Kınadığımız Şeyi Nasıl Yaşarız?
KINADIĞIMIZ ŞEYİ NEDEN YAŞARIZ?
Atasözleri çok değerlidir çünkü uzun yıllar boyunca binlerce kişi tarafından tekrar edilerek bugüne gelmiştir. Bu sebepten dolayı atasözleri birer genellemedir ve pek çok kişi tarafından tecrübe edilmiş ve onaylanmış deneyimleri içerir.

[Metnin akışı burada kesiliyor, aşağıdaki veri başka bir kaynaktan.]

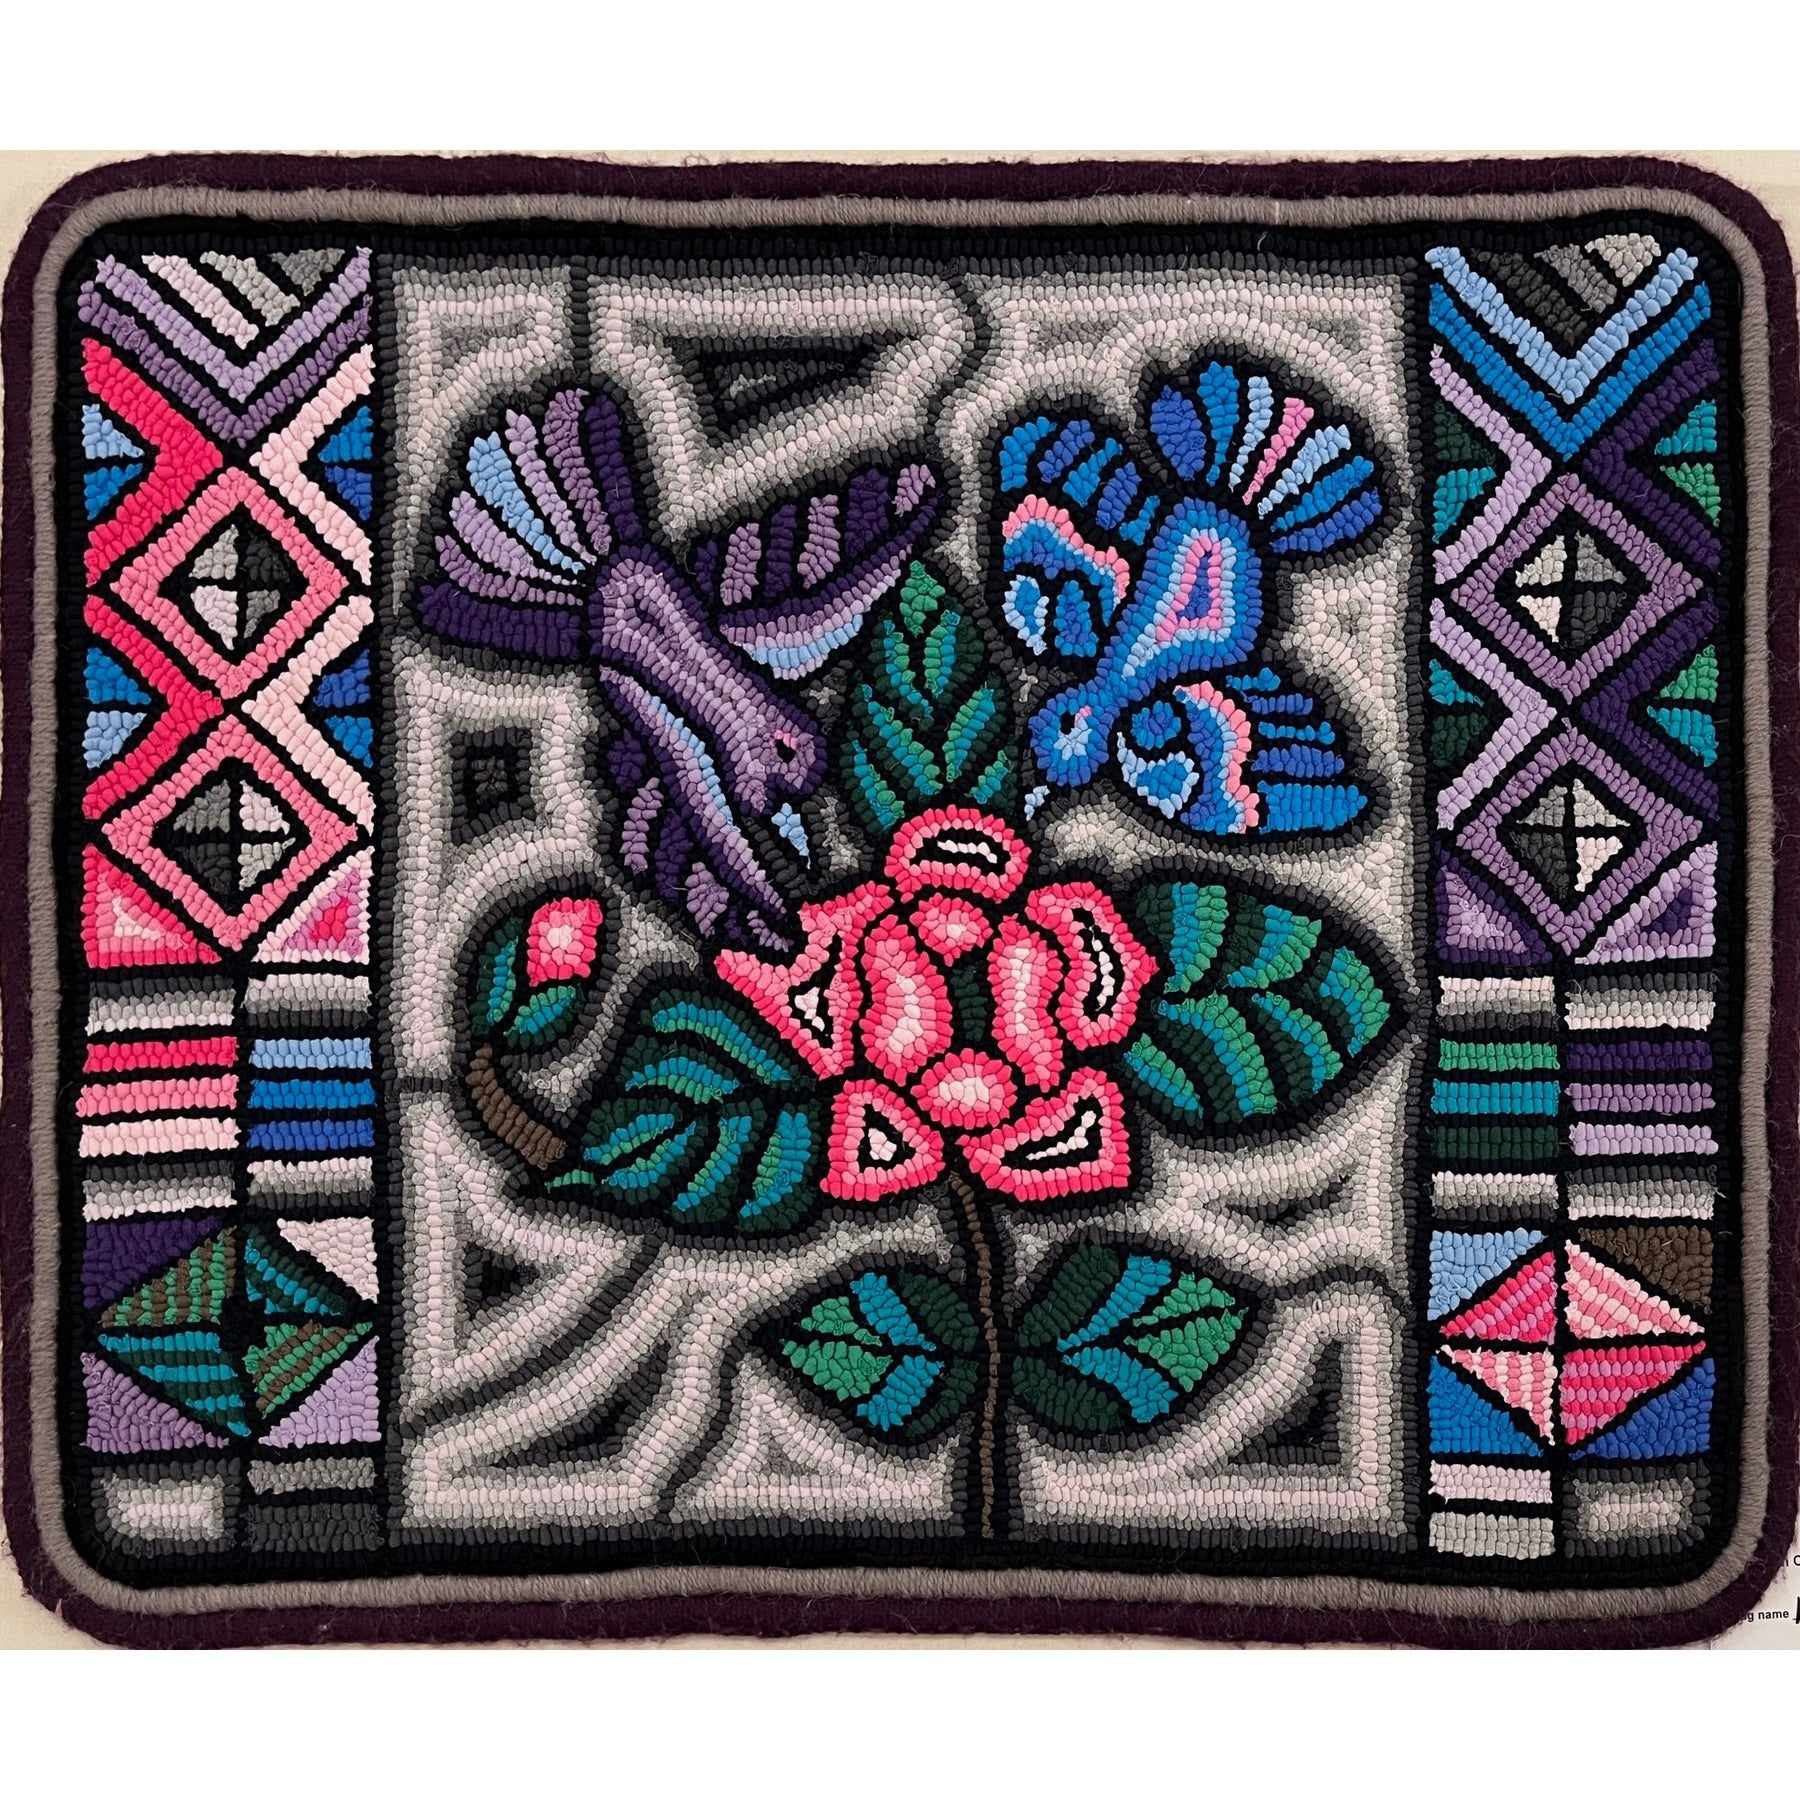 Multicolores Pattern #6, rug hooked by Patty Piek-Groth

“Kimseyi kınama, kınadığın olay başına gelir” atasözünü hepiniz bilirsiniz. Tanıdığım pek çok kişi bir batıl inanç gibi kimseyi yargılamamaya çalışıyor, yargıladığı olay başına gelmesin diye.
Ben de bunun neden olduğunu düşündüm. Niçin bir olayı şiddetle kınarsak, yargılarsak, eleştirirsek aynı olayı biz de deneyimliyoruz. Birincisi burada seçici dikkat de söz konusu. Her kınadığımızı yaşamamız teorik olarak biraz zor. Fakat pek çoğunuz daha önce asla yapmam dediği şeyleri yapmak zorunda kalmış olabilir.
Bu durumun tek nedeni bilinçaltımızdır. Bizler mantık düzeyinde hep daha iyiye, daha güzele gitmeyi deneyimlerken bilinçaltı böyle çalışmıyor. Bilinçaltı sadece ilgisini çeken ya da kendi havuzunda var olan olumlu ya da olumsuz fark etmez tüm deneyimleri kendine çekiyor.
En bilindik örneği verelim; siz cinsel dürtülerinizi aşırı bastırırsanız sizin tam zıttınız olan kişileri eleştirmeye çok müsait olabilirsiniz. Aslında kınadığınız, eleştirdiğiniz, yargıladığınız kişi bilinçaltınızda bastırdığınız dürtülerinizi birebir yaşayan kişidir.
Ya da saldırganlık dürtülerinizi çok bastıran, sakin mülayim birisiniz ve şiddet haberleri sizi şoke ediyor, “bir insan bir insana bunu nasıl yapar” aklım almıyor diyorsunuz. Yine sizi şaşırtan, dikkatinizi çeken, eleştirdiğiniz kişiler sizin kontrol etmeye çalıştığınız yanınızı gösteriyordur.
Freudyen kuramda projeksiyon ve reaksiyon formasyon savunma mekanizmalarını kullanıyorsunuzdur aslında.
Ben konuyu saptırmadan atasözüne dönmek istiyorum. Bir süre sonra niçin birebir aynı deneyimi yaşıyorsunuz? İki ayrı açıklama yapacağım.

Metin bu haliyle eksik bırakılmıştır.